The early days would have been particularly tough for Puttick. Despite nearly always performing when he had the opportunity to show off his undoubted talent, such as a maiden first-class century when he was just 19-years-old, the then curly-haired surfer was still often the first to be dropped upon the return of Proteas top-order stars such as Herschelle Gibbs, Gary Kirsten and Jacques Kallis from international duty.

The arrival of Graeme Smith in Cape Town from Gauteng in 2000-01 was another challenge for a young Puttick to contend with, especially as the pair had opened the batting together for the South Africa Under-19 team just a year earlier.

But even as he watched Smith’s career bloom into unprecedented heights with the Proteas, and his long-time school friend Jonathan Trott’s with his adopted country England, Puttick remained loyal to Province and the Cobras.

There were some who questioned Puttick’s ambition, but it definitely wasn't due to a lack of hard work and effort. He simply believed that if he continued to score runs, especially in the first-class arena where he was particularly prolific, his chance to play for SA would come.

There were flirtations with the national team. Puttick toured Sri Lanka with the Proteas in 2004 when Gibbs was serving his match-fixing ban, and also played a sole ODI when he was rushed to Newlands on the morning of the match against New Zealand as an emergency replacement from Paarl where he was playing a first-class match.

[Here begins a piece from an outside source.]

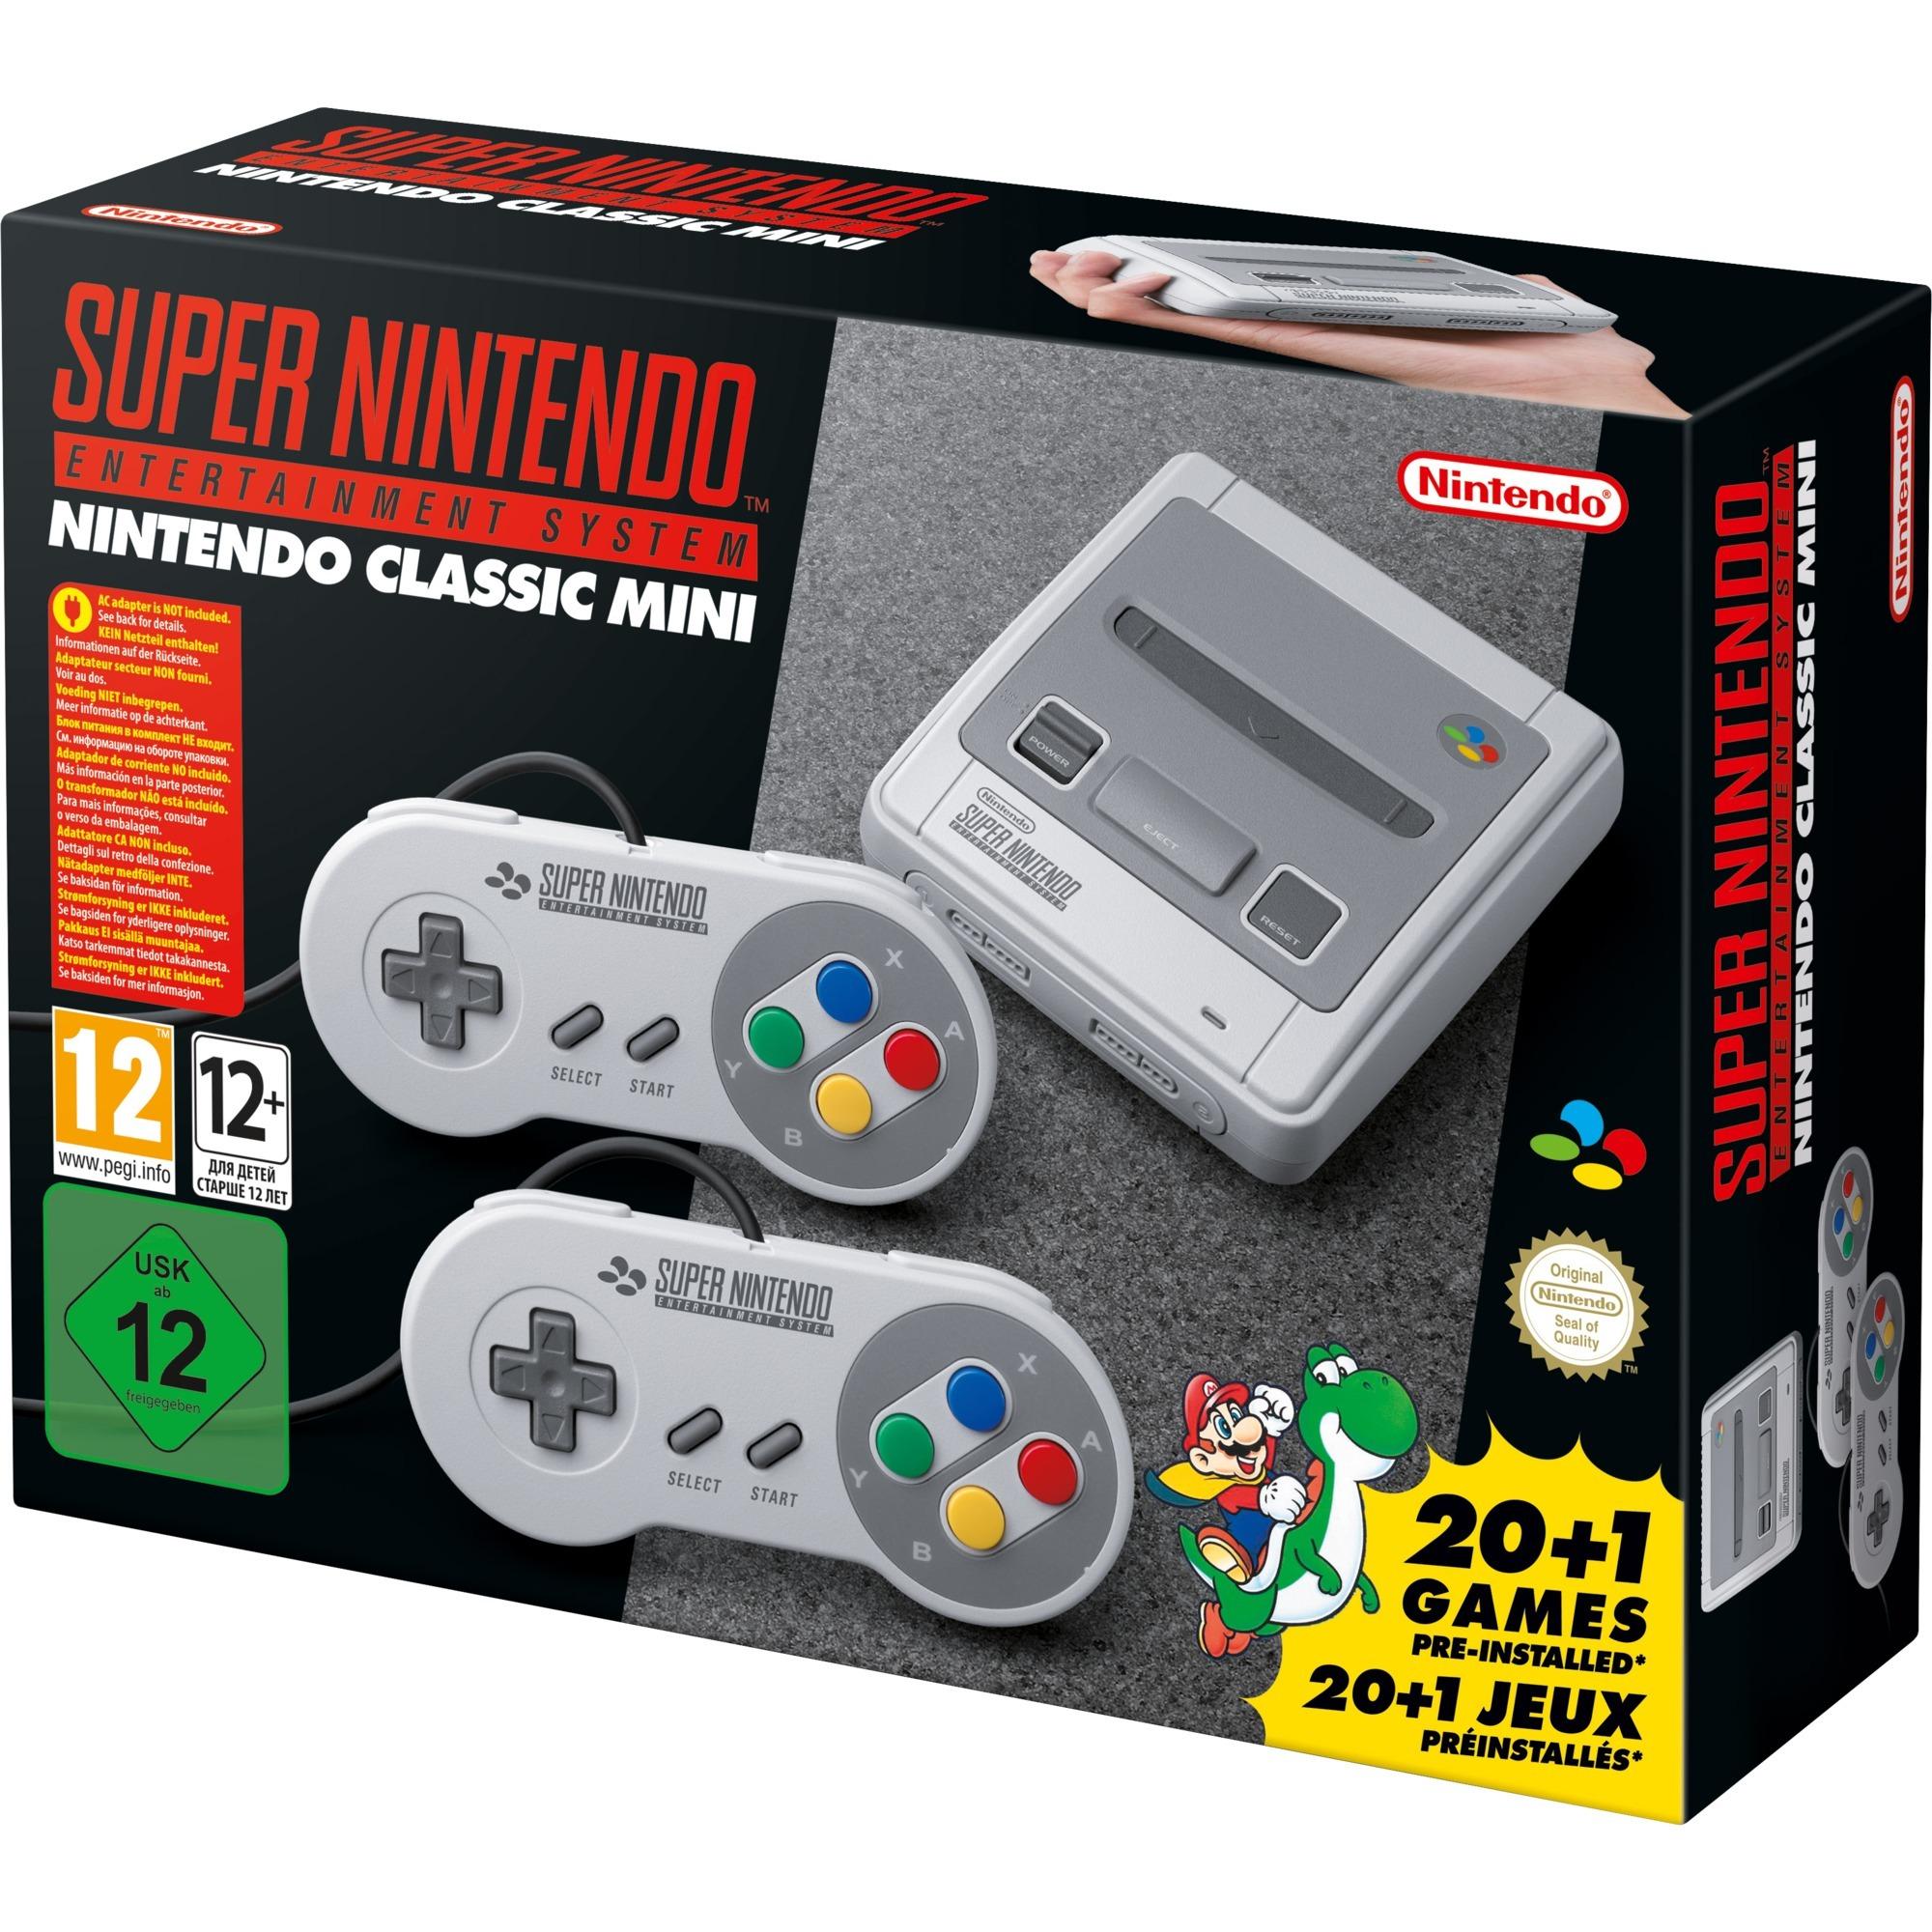 Classic Mini: Super Entertainment System Gris, Videoconsola

Needless to say, it was not an ideal way to begin a successful international career and Puttick lasted just five balls. It would ultimately be the only five balls Puttick faced in international cricket, as he fell victim to SA’s penchant of transforming middle-order batsmen into Test openers.

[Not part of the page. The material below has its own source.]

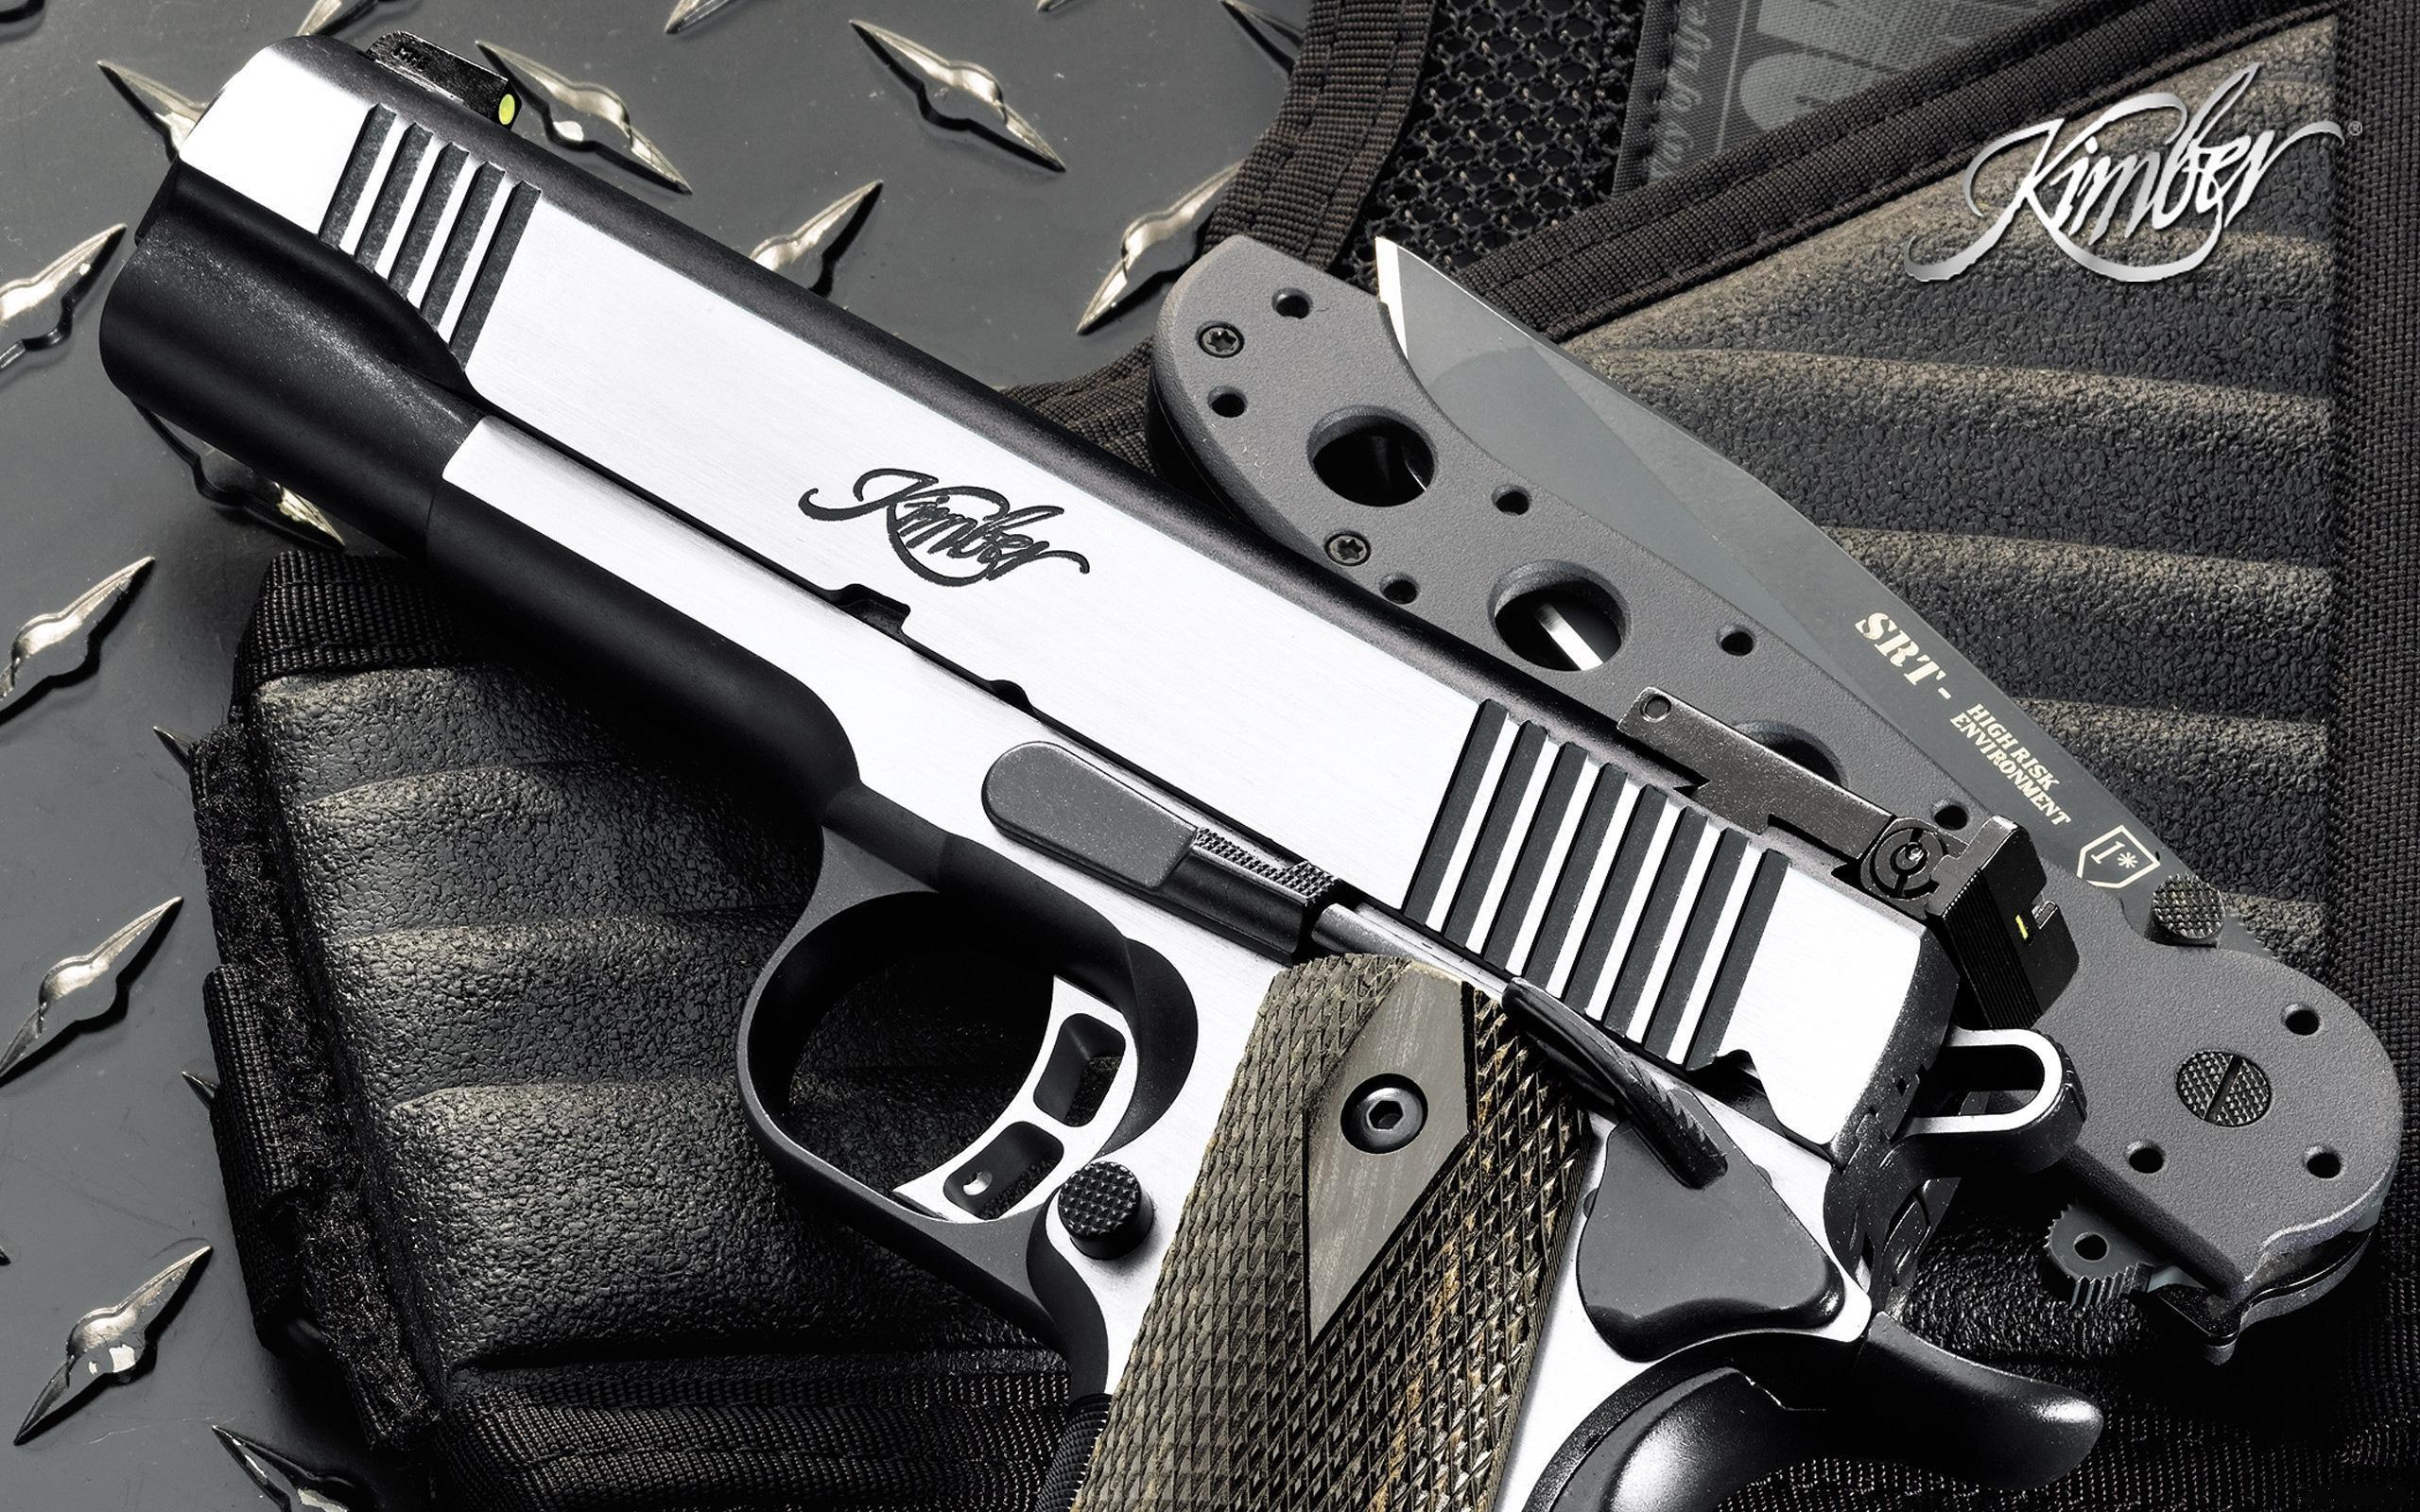 Kimber Pistol HD Wallpaper Background Image 2560x1600 ID 2560x1600

And even when the pendulum eventually swung the way of the “traditional” opener after Smith decided to spend more time with his family, the selectors still looked past Puttick and opted for Stephen Cook instead.

Ultimately, though, Puttick’s best was kept for WP and the Cobras. Just under 11 000 first-class runs in 173 matches, which included 27 centuries, at average of 40.27 and a further 5 288 runs in 172 matches speaks volumes of his contribution to cricket in the Western Cape.

Having been reared in a winning culture at WP, Puttick was devoted to playing a central role in helping the Cobras become the dominant force in the franchise era after a couple of lean years.

Always the ultimate “team man”, Puttick donned the wicket-keeping gloves in the 2008-09 Pro20 to help the Cobras lift only their second title. The Pro20 success kick-started a golden era for Puttick and the Cobras with the Sunfoil Series returning to Newlands the following season too.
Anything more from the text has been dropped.